Cohesin association within the IGS using ChIP assays. Wild-type (WT) (strain TAK1005) and GAL1/10 strains (TAK1006) with HA-tagged MCD1, as well as control strains without tag (labeled “NO TAG”), were grown in glucose and galactose (D and G, respectively). After formaldehyde treatment, rDNA fragments (sheared to ∼500 bp) were coimmunoprecipitated using antibodies to HA. Seven rDNA regions (E1 to E7, Fig. 1A) were analyzed by polymerase chain reaction (PCR) in two groups. Primer set E1 was used in both as a control. PCR reactions were terminated in the logarithmic phase of amplification. (A) Representative ethidium bromide-stained gels of the PCR products. IP, tagged immunoprecipitated samples; INPUT, nonimmunoprecipitated controls. (B) Quantification of cohesin association from three independent experiments. PCR products were quantified, values were corrected using NO-TAG results, and then normalized using respective INPUT values.

The silencing gene SIR2 suppresses rDNA copy-number change through effects on cohesin association, because SIR2 loss results in the loss of cohesin association in the IGS (13). SIR2 represses pol II-transcribed genes integrated in the rDNA (16, 17). We therefore speculated that SIR2 regulates recombination by repressing E-pro transcription. To test this, we used Northern blots to measure E-pro transcription levels by using wild-type and SIR2-disrupted strains with endogenous E-pro (Fig. 3, A and B). E-pro transcript levels were increased ∼16.5-fold in the ribosomal autonomously replicating sequence (rARS) direction and ∼9.5-fold in the replication fork barrier (RFB) direction when SIR2 was deleted. Transcripts could be detected in an RNA pol I mutant, suggesting that E-pro is transcribed by RNA pol II (fig. S3).

Fig. 3.

Regulation of E-pro transcription and rDNA stability by SIR2 and rDNA copy number. (A and B) Northern blot analysis of E-pro transcripts. The total RNA from wild-type (WT) (strain NOY408-1b), Δsir2 (labeled SIR2, strain TAK190), and amplifying low-copy (low) strains was hybridized with probes to the rARS-facing (Left) and RFB-facing (Right) transcripts, and an ACT1 control probe. (A) shows a representative Northern blot and (B) shows the quantification of E-pro transcript levels. Results were normalized using ACT1. (C) CHEF gel probed with an rDNA probe showing the effects of SIR2 deletion on chr XII stability. GAL1/10 (strains TAK2004 and TAK2005) and wild-type strains with and without SIR2 were grown in glucose (two independent colonies were analyzed for each). DNA loading was similar in each lane. Separation conditions differ from Fig. 1. Positions of H. wingei markers are indicated at the left. (D) rDNA copy number (6), the level of cohesin association using ChIP analyses with pooled E2 to E5 PCR products (Fig. 1A), and the cohesin association corrected by copy number were determined for wild-type (TAK1005) and low-copy (TAK1008) strains. Cohesin association is relative to wild-type. Absolute copy numbers are in parentheses.

If SIR2 is responsible for copy-number change by regulating E-pro transcription, then the deletion of SIR2 should not effect recombination in a glucose-grown GAL1/10 strain, because transcription is already repressed. To test this, we analyzed the rDNA stability of GAL1/10 and wild-type strains with and without SIR2 (Fig. 3C). As previously observed (13), the chr XII bands of a wild-type strain lacking SIR2 are smeared. In contrast, the chr XII bands in the glucose-grown GAL1/10 strain remain sharp, even after SIR2 deletion.
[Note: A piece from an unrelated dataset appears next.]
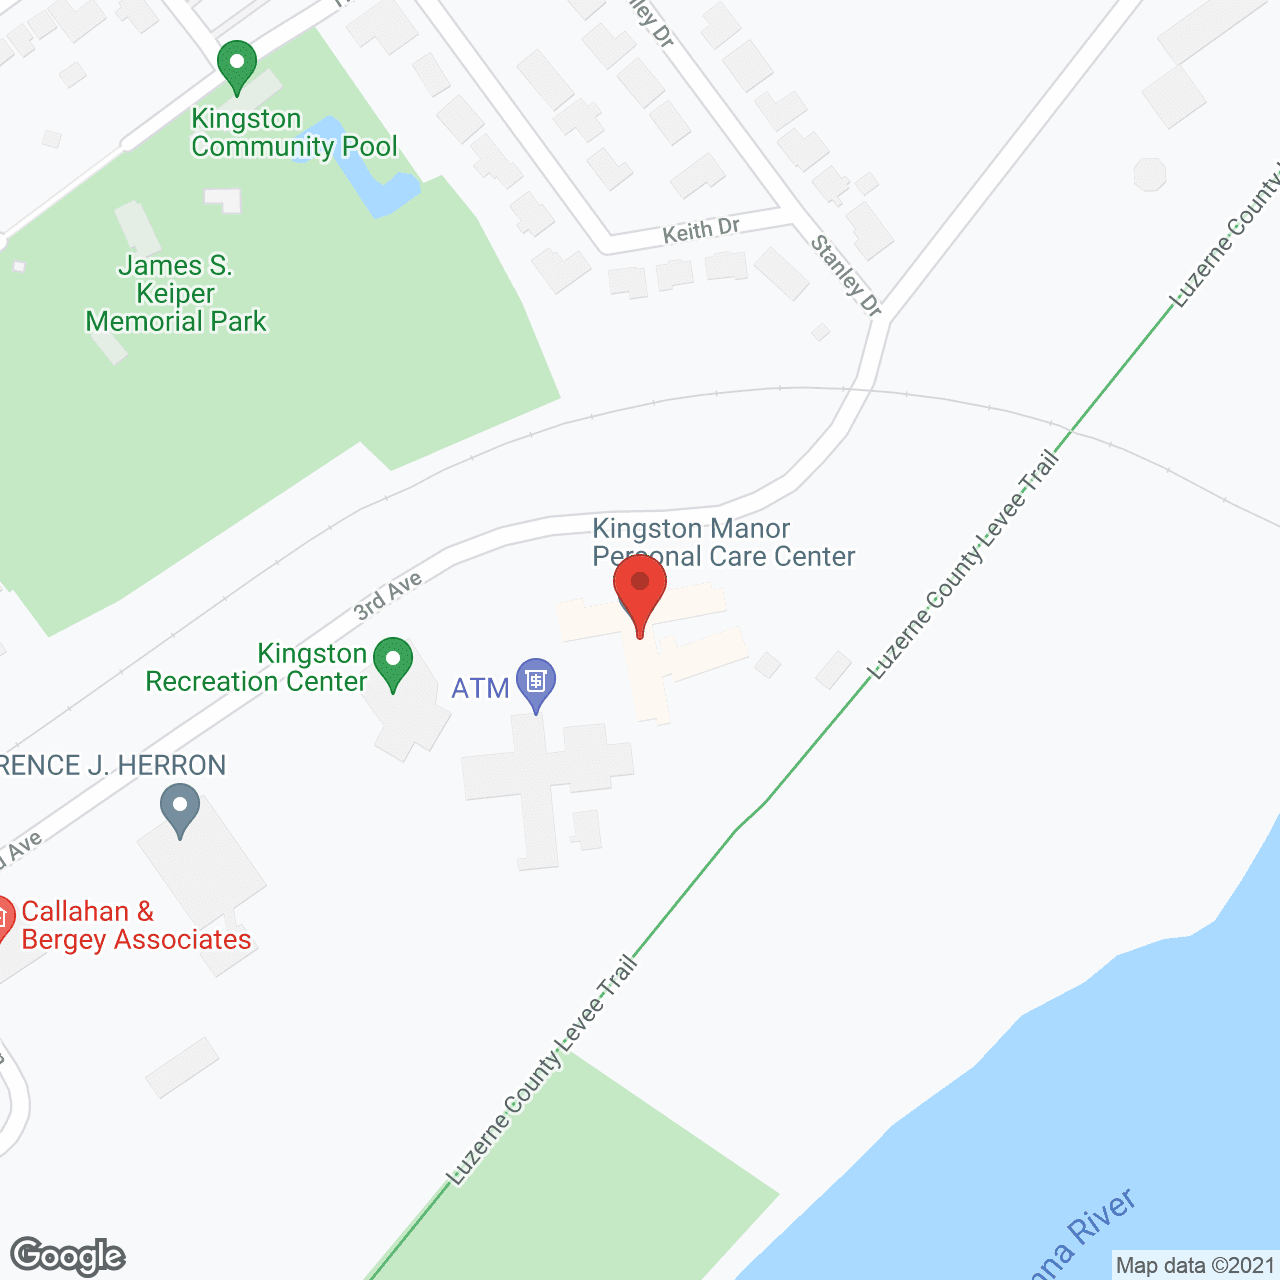 Serenity Care Kingston in google map

Finally, we tested the relationship between rDNA copy number and E-pro regulation. A strain undergoing amplification (low-copy strain) should show increased E-pro transcription and decreased cohesin association. To generate low-copy strains, we introduced a plasmid-borne FOB1 gene into two-copy strains. After 45 generations, there were ∼45 rDNA copies, indicating active amplification. Analysis with Northern blots showed that E-pro transcription in the low-copy strain was enhanced ∼4.5-fold over that in the wild-type in both directions, and the value per rDNA unit will be even higher (Fig. 3B). Furthermore, ChIP analysis with an HA-tagged MCD1 low-copy strain revealed that cohesin association was reduced to 35% of the wild-type level per unit of rDNA (Fig. 3D). Therefore, when the rDNA is amplifying, E-pro is activated and cohesin dissociates, indicating that E-pro is the major regulator of rDNA amplification.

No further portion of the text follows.